In the webinar, Sun made a bold prediction that USDD would return to its peg within “five to 10 days” – a prediction that turned out to be entirely accurate. It only took seven days to round up to $0.99 and has been within a fraction of dollar parity since July 8. By the more modest goals Sun noted in the discussion, though, USDD was in complete compliance with its mission except for a six-day stretch ending June 21.

Under “extraordinary market conditions,” Sun said, a slip of “two to three percent is an acceptable range” for a decentralized stablecoin.

Sun attributed the June dip to short sellers at hedge funds. Tron DAO had to add reserves to ensure liquidity and reverse the losses. He denied deploying any personal capital.

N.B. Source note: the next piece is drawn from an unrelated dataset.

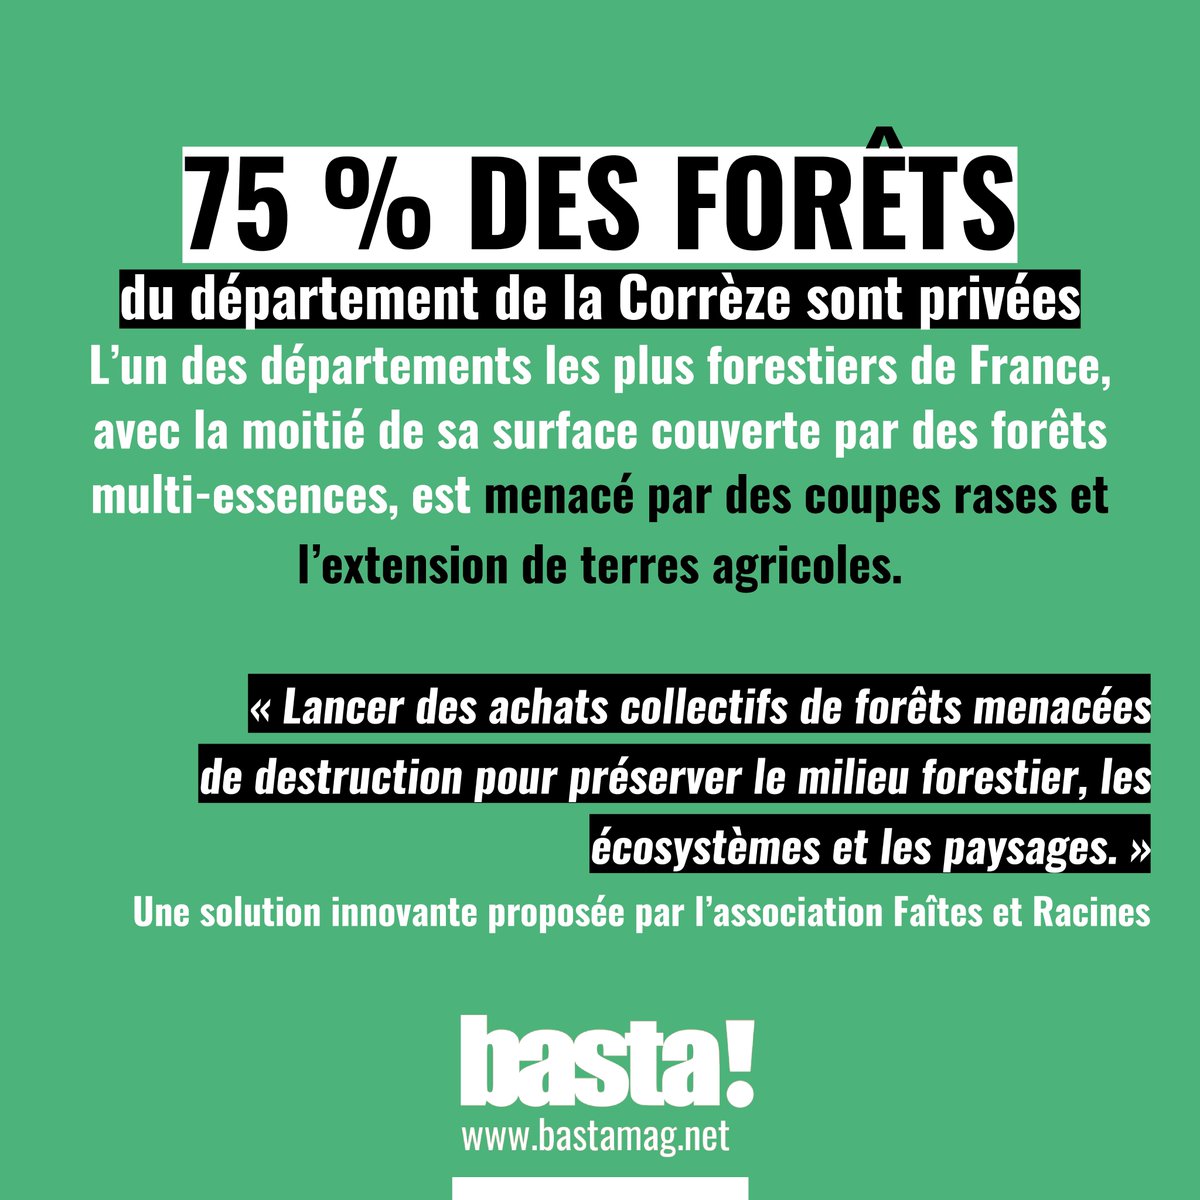 La Corrèze est l’un des départements les plus forestiers de France. Pour tenter de préserver le milieu forestier, l’association Faîte et Racines, créée en juillet 2018, propose de « lancer des achats collectifs de forêts menacées de destruction » grâce aux dons de particuliers.

“I still believe [a decentralized stablecoin] has huge potential to become the next big settlement token for the crypto industry,” Sun said.

He quickly added that any theoretical advantage such a token would have can be lost to poor design or management.

Regulation: The DeFi/CeFi divide

Sun said he expects centralized stablecoins will be regulated at the national level.

“Centralized stablecoins will eventually be regulated as a bank because they receive lots of money from other people,” he said.

Decentralized coins, such as Tron’s USDD, can avoid that though, as long as they can make the case to financial watchdogs that there is an inherent difference between the decentralized finance (DeFi) and centralized finance (CeFi) approaches.

He suggested that, rather than being under the microscope of central banks, algorithmic stablecoin projects can benefit from learning the lessons of these monetary policy setters. He cited both the U.S. Federal Reserve and the People’s Bank of China as examples, as well as the Hong Kong Monetary Authority, which is essentially their translator.

Ultimately, Sun believes in a free and open market for currencies, whether they be sovereign or private, and cites a Nobel laureate from the Austrian school of economics as inspiration for his thinking.

“I am a big fan of [Freidrich August von] Hayek,” he said, referring to the mid-20th century economist whose theories informed subsequent libertarian political movements. Sun added that he is in favor of “a transparent, open, competitive currency market. The ideal scenario will be that all the [central bank digital currencies] will compete with all the private stablecoins.”

While he expressed skepticism that central bank digital currencies (CBDCs) would conform to open-source transparency and would instead “be opaque, permissioned chains,” he still said he was open to working with them and competing against them.

“At Tron Protocol, we are happy to collaborate with all central banks,” he said.

Next act

The “we” is telling. Although Sun is technically retired from a leadership role at Tron, he is still passionate about the project and is a huge, if not the biggest, supporter of the Tron community and ecosystem at large.

His full-time job now is as a diplomat. The Chinese-born, American-educated Sun now represents his adoptive home of Granada at the World Trade Organization. (Seward noted that Sun’s title these days is “His Excellency.”)

Since the beginning of the year, Sun has participated in a suite of activities, including the 12th Ministerial Conference at the WTO’s Geneva headquarters. These have not been specific to cryptocurrency at all but dealt instead with such momentous issues as COVID vaccine waivers, soaring food prices, Russia’s invasion of Ukraine, transfer pricing and e-commerce taxation.

Sun also responded to a cheeky question from a viewer about whether Tron “cut-and-paste” its white paper from Ethereum’s in 2017. He noted that Tron always relied on proof-of-stake consensus, a move that Ethereum has consistently espoused but long delayed.

“In 2022,” Sun said with a broad smile, “Ethereum is copying Tron.”